Dr. Mercer said the incentive fees in Ontario have helped fund his office’s electronic medical records project. The computer system, in turn, enables him to easily identify patients who, for instance, should be reminded to have a mammogram or flu shot, helping him provide the service to enough patients so that he can earn a bonus.

A pap smear for one woman who is not normally diligent about undergoing the test found evidence of cervical cancer and led to a complete “surgical cure,” he said. Referral of a similar patient to a breast-cancer screening program led to another early diagnosis and good prospects for recovery.

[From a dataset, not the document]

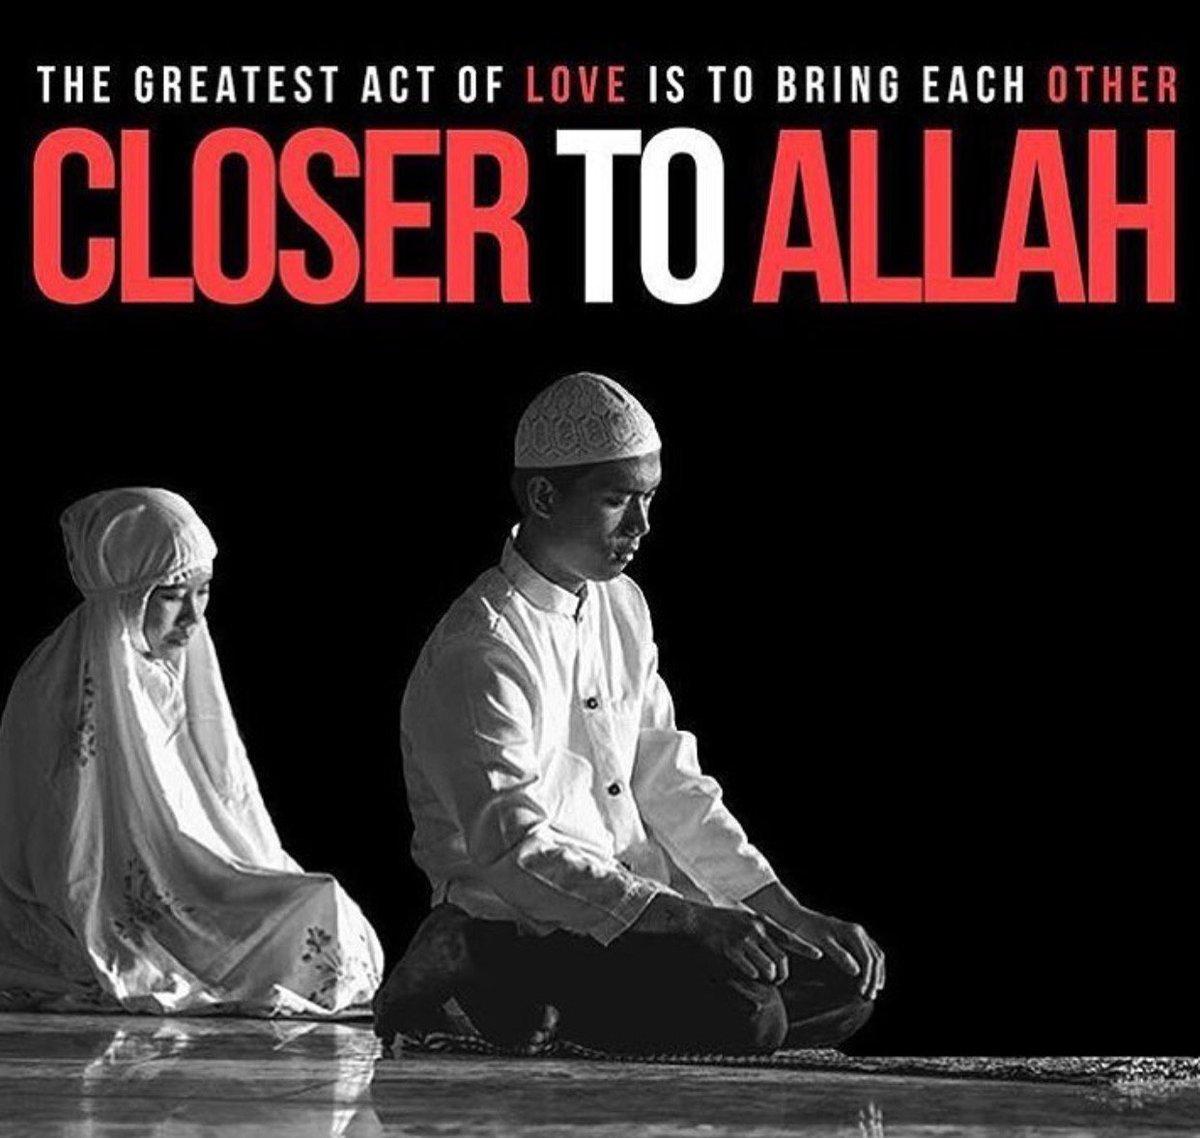 #truelove #Allah https://t.co/JpMNqf6B4R

Danielle Martin, spokeswoman for Canadian Doctors For Medicare, warned that governments have to be careful to avoid unintended consequences, like physicians eschewing the homeless and other patients who are difficult to get involved in services that earn bonuses, she said. Still, Dr. Martin believes that performance pay can produce better medical care, to a point.

“It makes much more sense to provide incentives for good health outcomes, rather than just pumping people through,” she said. “[But] it’s not going to be a magical transformation.”